How would you determine the area of the shape?
How would you determine the area of the shape?


4. Slides

4.1. Introduction

  • Kepler was an astronomer born in 1571. who plotted data of the location of planets with respect to the sun.
  • Like all scientists, he wanted a simple rule to explain lots of numbers.
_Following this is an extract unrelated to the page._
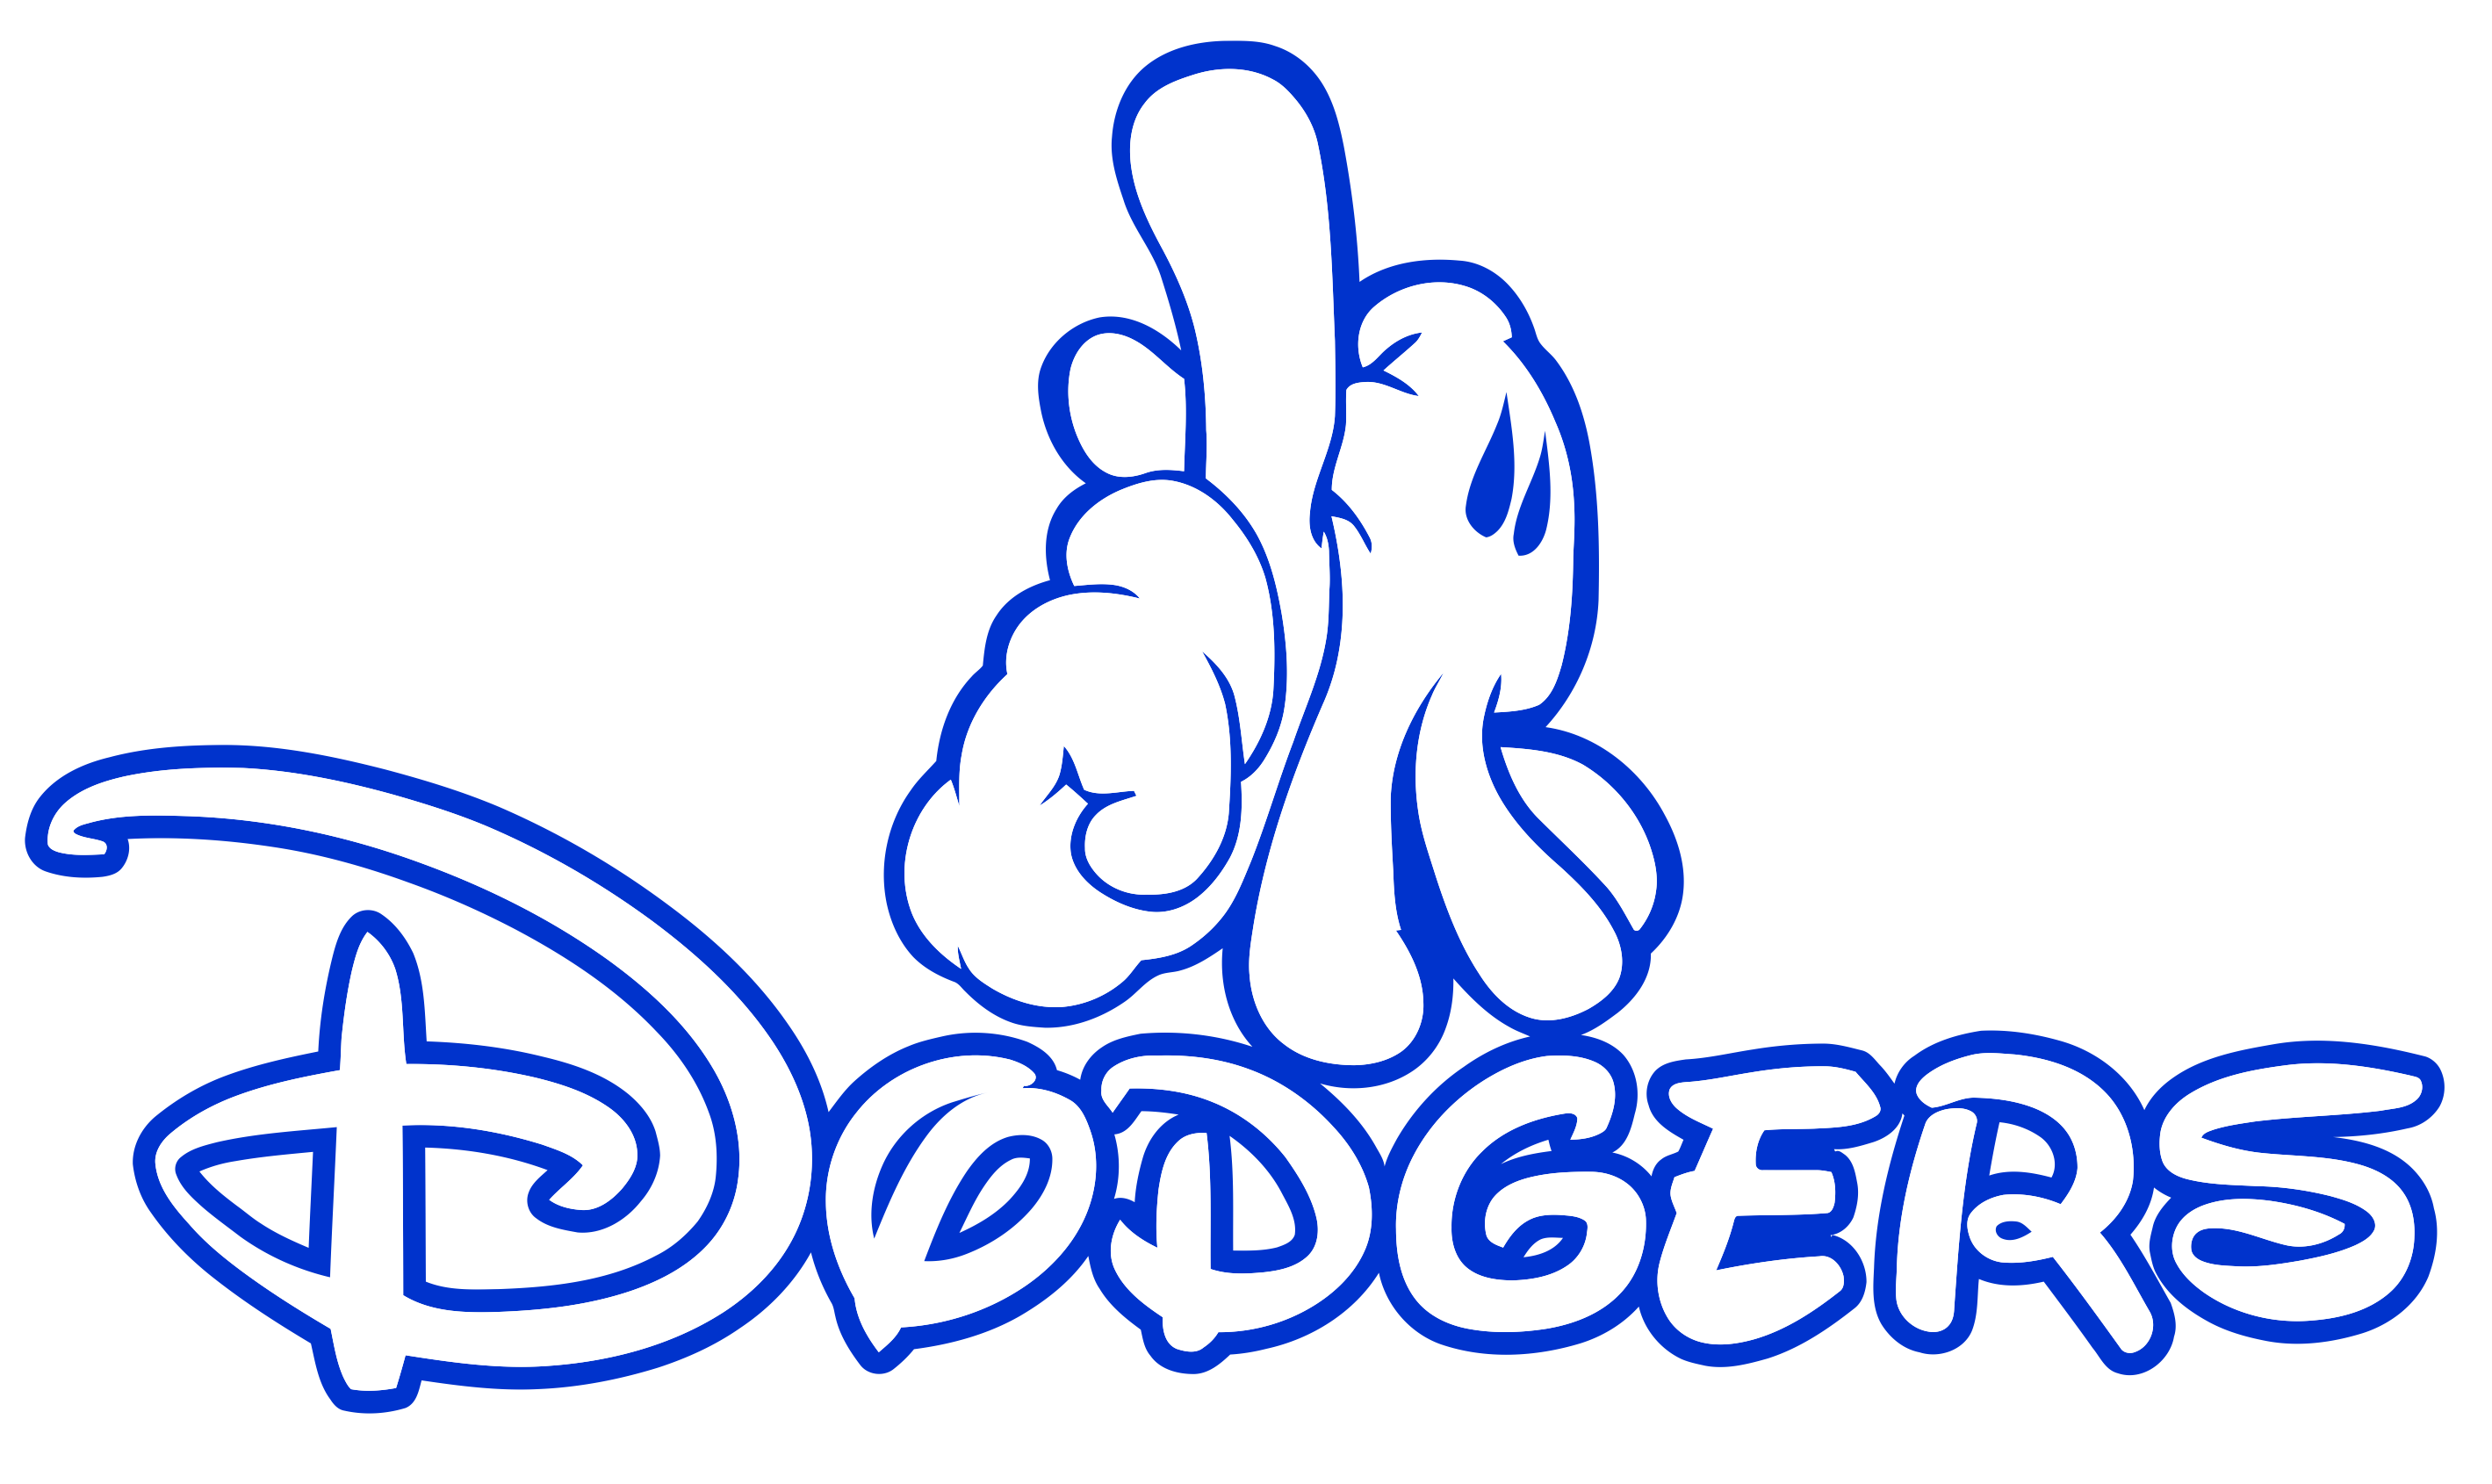 Los Angeles Dodgers Baseball Clip art.

In his case his numbers were values of the positions of the planets throughout the year.

keplertable.gif

Kepler's 2nd Law

4.2. Introduction cont.

  • One day his child was playing with little square lego blocks.
  • He placed these blocks on his sheet of paper and found that 131 fit into the area "swept" out by the planet from point A to B (which took about 3 months).
  • He then placed these blocks in the area "swept" out by the planet from C to D (which took 3 months).
  • He noticed that he needed 131 legos for this area too.


4.3. Introduction cont.

  • He then placed these blocks in the area "swept" out by the planet from C to H (which took about 3 months).
  • He noticed that he needed 131 legos for this area too.


4.4. Tile Size

  • Would Kelper have come up with his rule if the tiles were huge in comparison to his drawing?
  • Probabaly not


4.5. Basic Rules

  • You can estimate areas by placing tiles on the area and counting the number of tiles required to cover the area.
  • Smaller tiles give a better estimate of the area.

4.6. Histogram

  • You have already encountered this concept before
  • How many people were surveyed?
  • Bonus question: Something is fishy about these survey results.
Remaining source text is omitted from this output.